December 18, 2012 Attn: Draft HVHF Regulations Comments New York State Department of Environmental Conservation 625 Broadway Albany, NY 12233-6510 Re: The Proposed Regulations do not follow ECL 23 Summary The proposed regulations do not follow the intent of ECL 23, thereby jeopardizing the environment and the rights of landowners and the general public, for the purpose of promoting the oil and gas industry. The Proposed Regulations Misstate ECL 23 The proposed regulations alter the wording of the underlying statute, ECL 23, by dropping the task of regulating the industry and substituting foster, encourage and promote fracking. In this, the DEC misconstrues its role and misinterprets its responsibilities. Indeed, it alters its mission to fit the goals of the oil and gas industry to the clear detriment of the environment, landowners and the general public. Here is the wording of the ECL statute on the DECs website:

Oil, Gas and Solution Mining Law Declaration of Policy ECL Article 231 It is hereby declared to be in the public interest: to regulate the development, production and

http://www.dec.ny.gov/energy/26498.html

utilization of natural resources of oil and gas in this state in such a manner as will prevent waste; to authorize and to provide for the operation and development of oil and gas properties in such a manner that a greater ultimate recovery of oil and gas may be had, and that the correlative rights of all owners and the rights of all persons including landowners and the general public may be fully protected, and to provide in similar fashion for the underground storage of gas, the solution mining of salt and geothermal, stratigraphic and brine disposal wells.

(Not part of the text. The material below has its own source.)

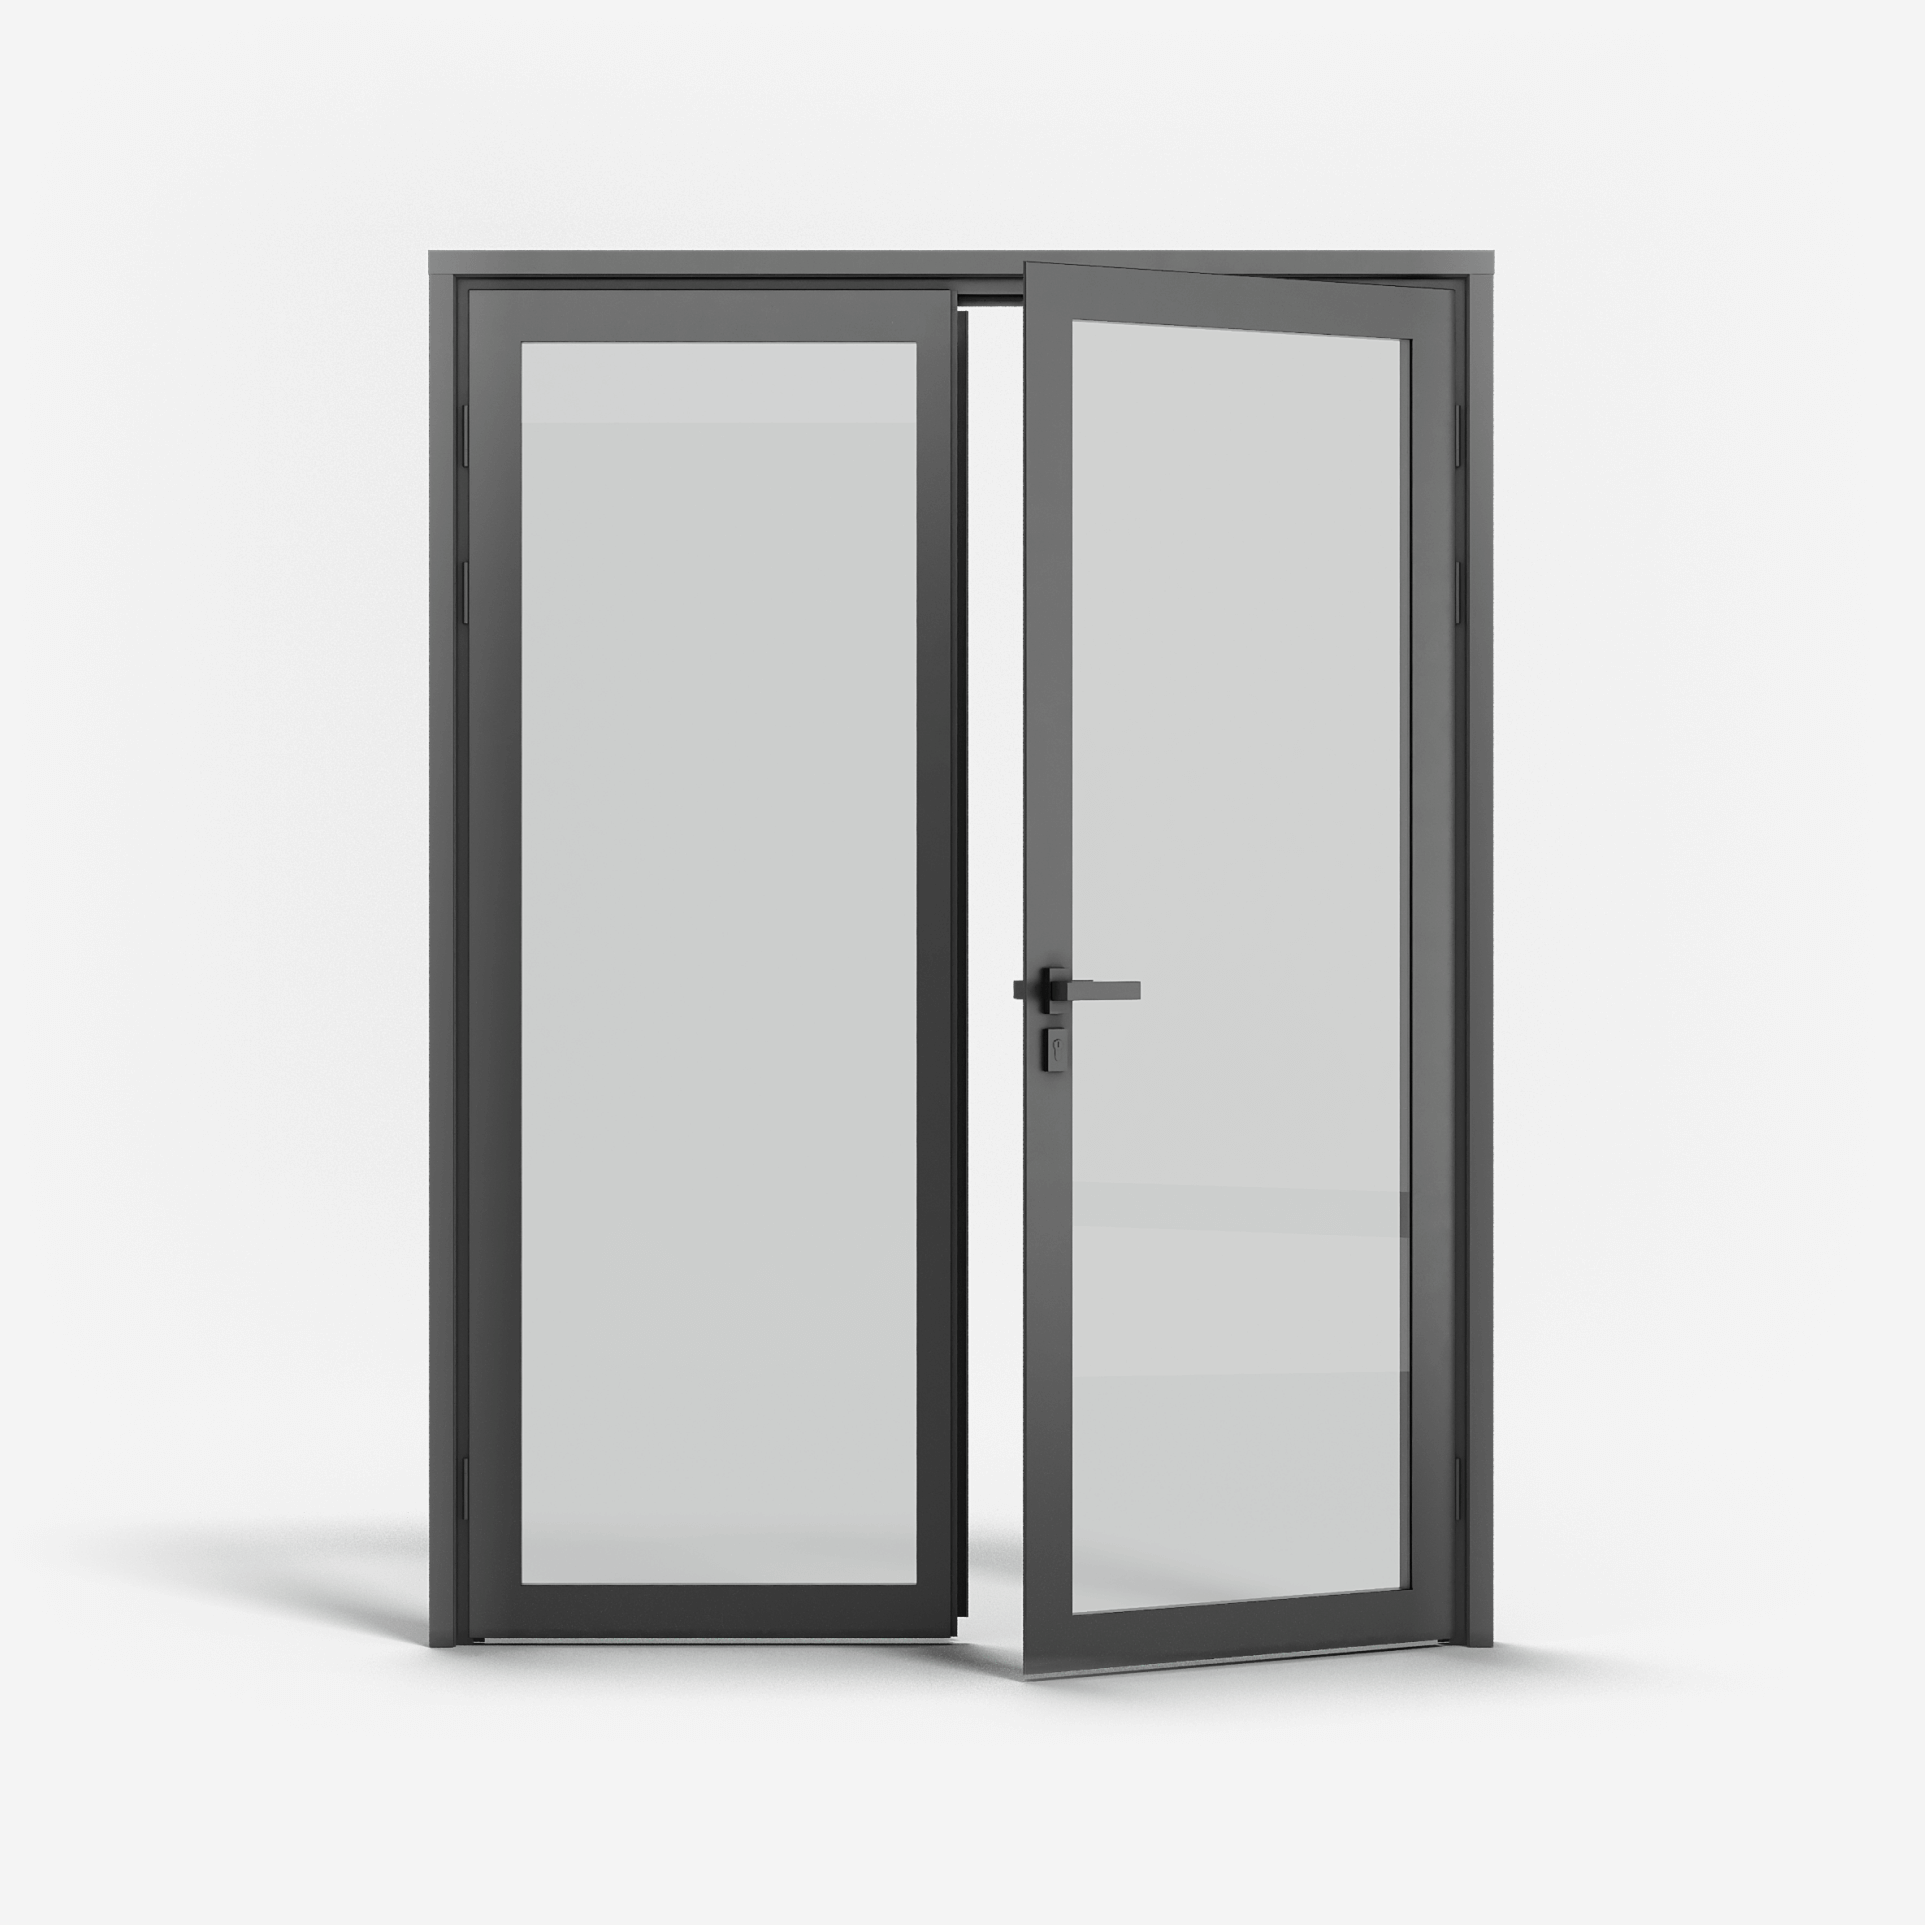 KOMPAS Aluminum Framed Double Swing Door - Out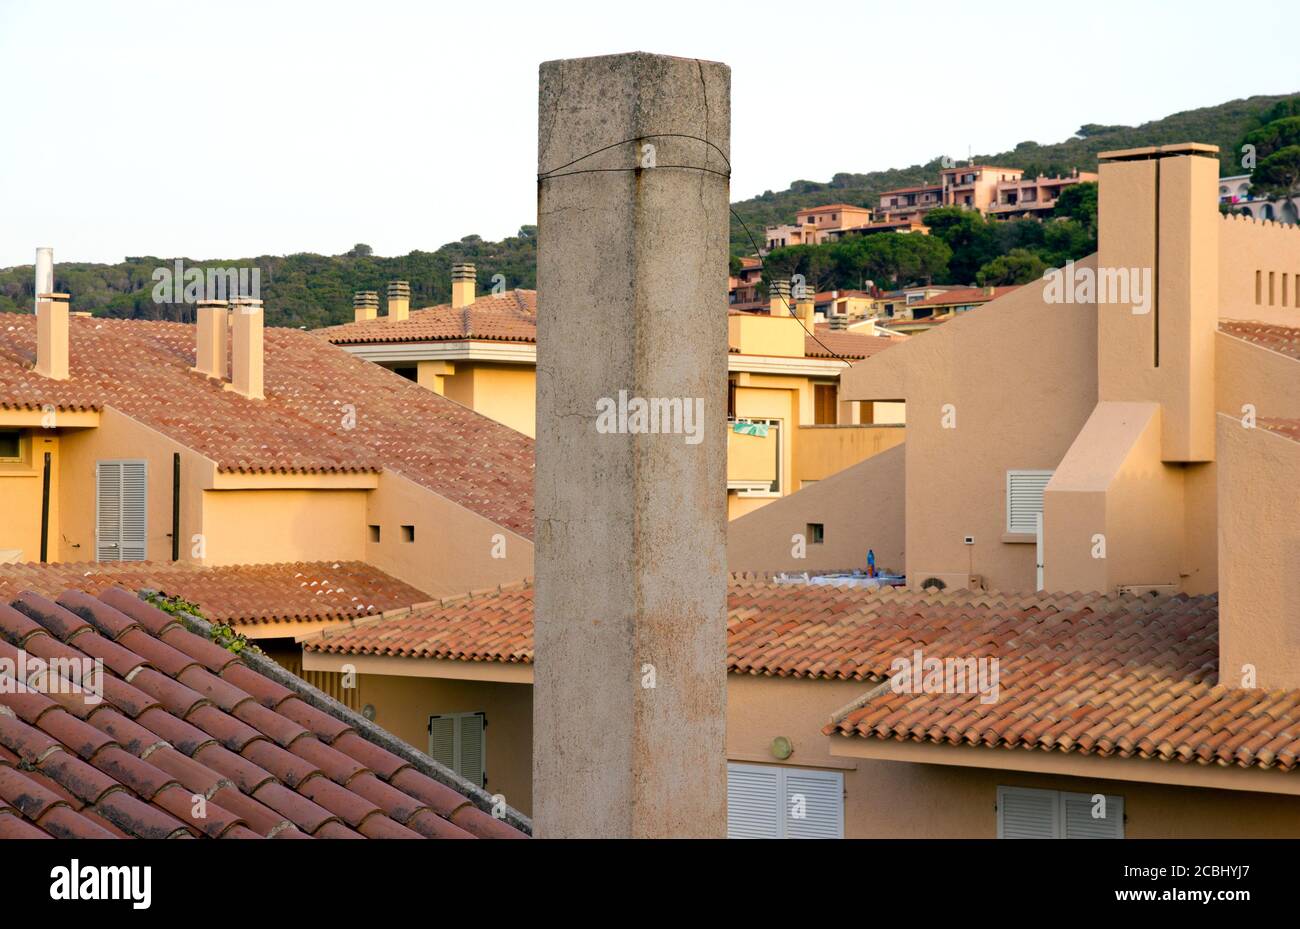 Palau appartamenti in Sardegna Foto Stock

Here is how the DEC describes the objectives of ECL 23.2

Mineral Resources:

The legislative objectives of ECL Article 23, found in Section 23-0301, recognize that it is in the public interest to regulate the development, production and utilization of natural resources of oil and gas in this state in such a manner as will prevent waste; to authorize and to provide for the operation and development of oil and gas properties in such a manner that a greater ultimate recovery of oil and gas may be had, and that the correlative rights of all owners and the rights of all persons including landowners and the general public may be fully protected, and to provide in similar fashion for the underground storage of gas, the solution mining of salt and geothermal, stratigraphic and brine disposal wells. This Section provides a general discussion of the existing oil and gas program and describes the legislative objectives of the draft regulations.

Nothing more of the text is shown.